Слёзы текли по лицу, по шее, по губам, солёные, жгучие, как отрава, забивая дыхание, сливаясь с криками, превращаясь в глухие всхлипы. Голос хрипел, срывался, превращался в хрипение звериное, будто я – не княжна, не человек, а согнанный в яму волчонок. Волосы мои разметались, разлетались в стороны, били по щекам, по глазам, как метёлки ведьмины, в бурю, в беду, в отчаяние.

И я ждала – ждала, что кто-то остановит. Что мать кинется, как раньше, встанет грудью. Что отец… хоть скажет: «Довольно!»

Но никто не пришёл.

Ни один голос не встал за мной. Ни одна рука не коснулась меня с милостью. Только чужие пальцы, только канат, только дыхание врагов.

И в этот миг я поняла:

не кандалы страшны, а тишина, в которой тебя предали.

Когда весь мир смотрит – и молчит.

И ты орёшь – одна.

Одна.

Навсегда.

Он шёл ко мне медленно, выверенно, как волк, спускающийся к ручью, зная, что всё живое уже разбежалось.
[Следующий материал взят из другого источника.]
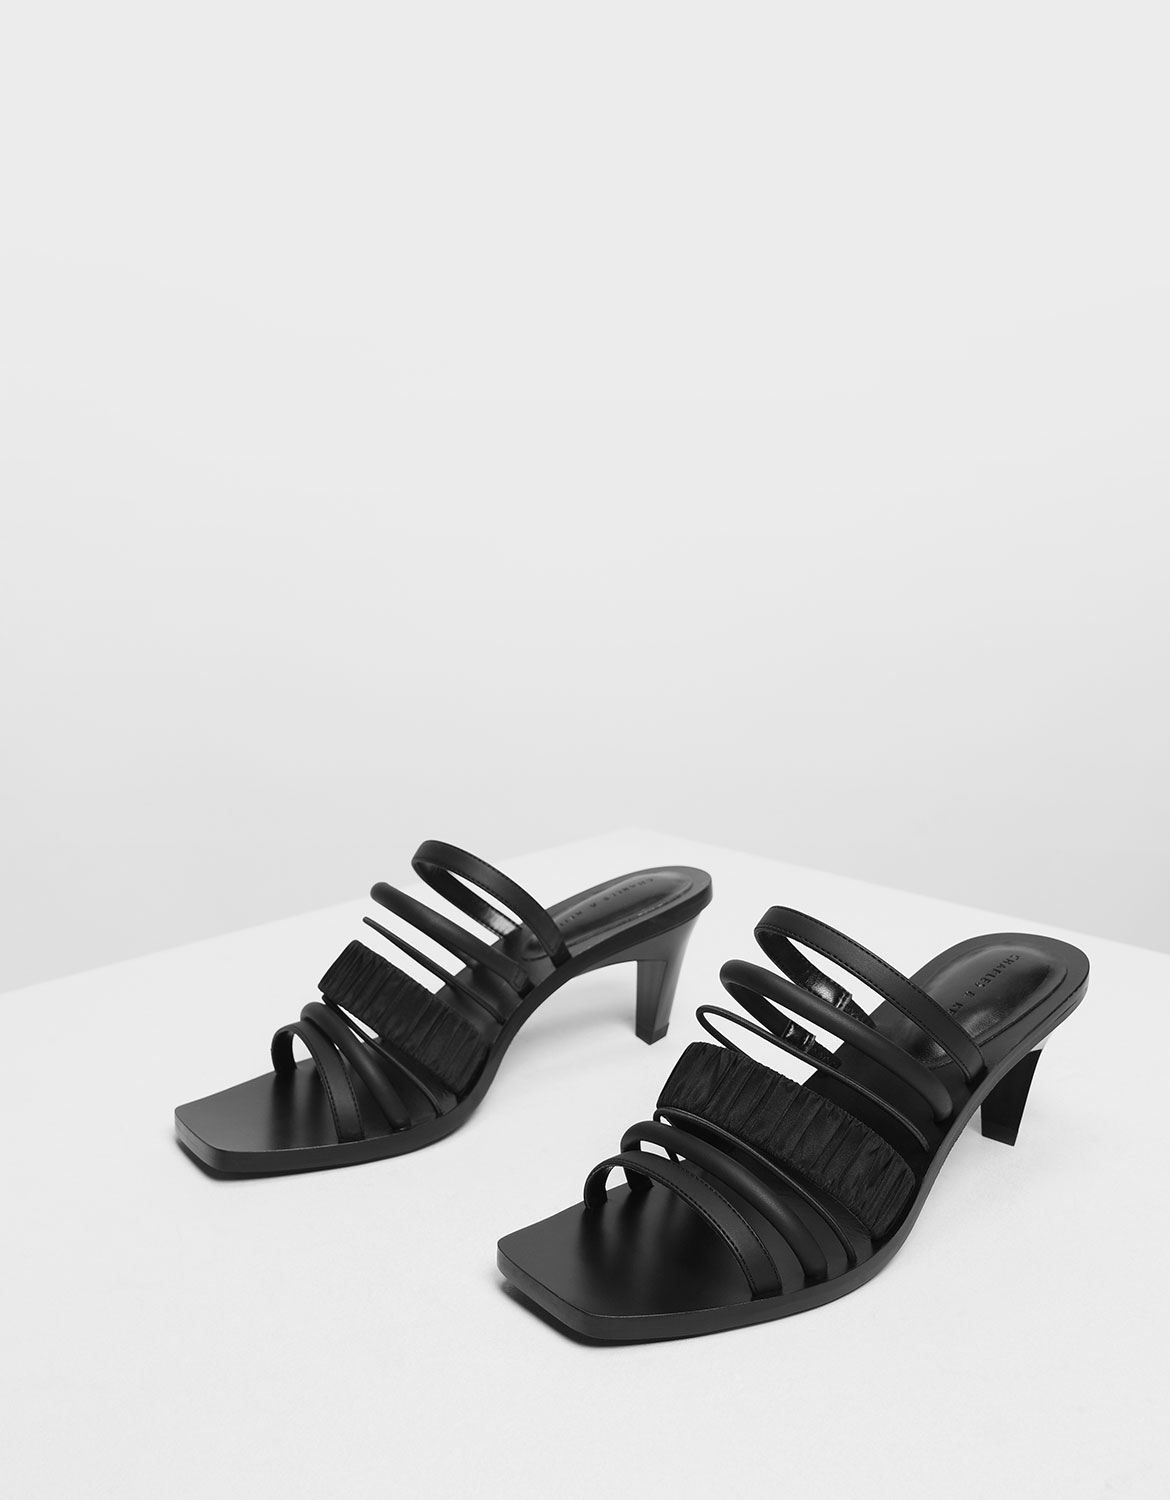 Women's Strappy Heels in black - CHARLES & KEITH
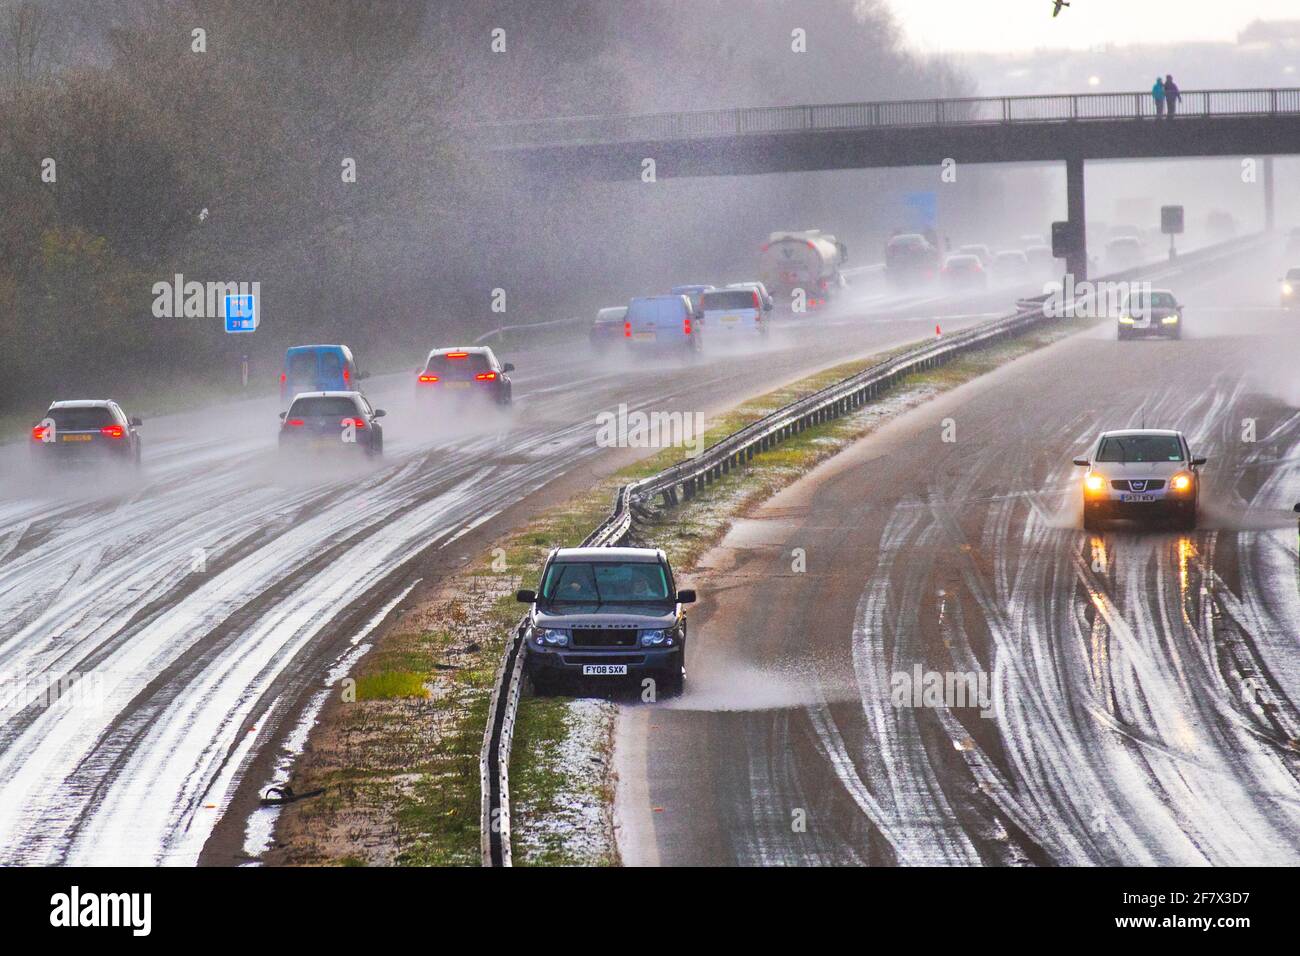 Motorway fast lane accident after driving in the middle of a hailstorm in hazardous driving conditions in Chorley Lancashire. April 2021 UK Weather;  Motorway mayhem as freak hail stone shower makes driving tricky with a series of collisions in Chorley. Car crashes into central reservation, 4 wheel drive vehicles in separate incidents collide with the armcor on the M61 central reservation. Stock Photo

Шаг его был тяжёл, но не груб, в нём жила не спешка, а осознание силы, той силы, что не нуждается в подтверждении. И всякий его шаг, будто колокол, бил по камням двора, и в груди моей отзывался глухо, будто сердце отбивало последние удары перед сном вечным.

Глава 4

Я стояла, как столп, омытый бурей, дрожала всем телом, но ноги мои не двигались. Я смотрела на него, как смотрят на пламя, что сжигает дом – не в силах отвести взгляд, хоть знаешь: за этим – конец.

Он подошёл вплотную. И в тот миг, когда нашлись наши глаза – мои, полные боли, ужаса, горя, и его – чёрные, глубокие, как провал между мирами, я почувствовала, как он вглядывается не в меня, а вглубь, туда, где пряталась душа, где дрожало детство, где молитвы шептались без слов. И он будто вытянул её, душу мою, и держал перед собой, не ломая, но уже не отпуская.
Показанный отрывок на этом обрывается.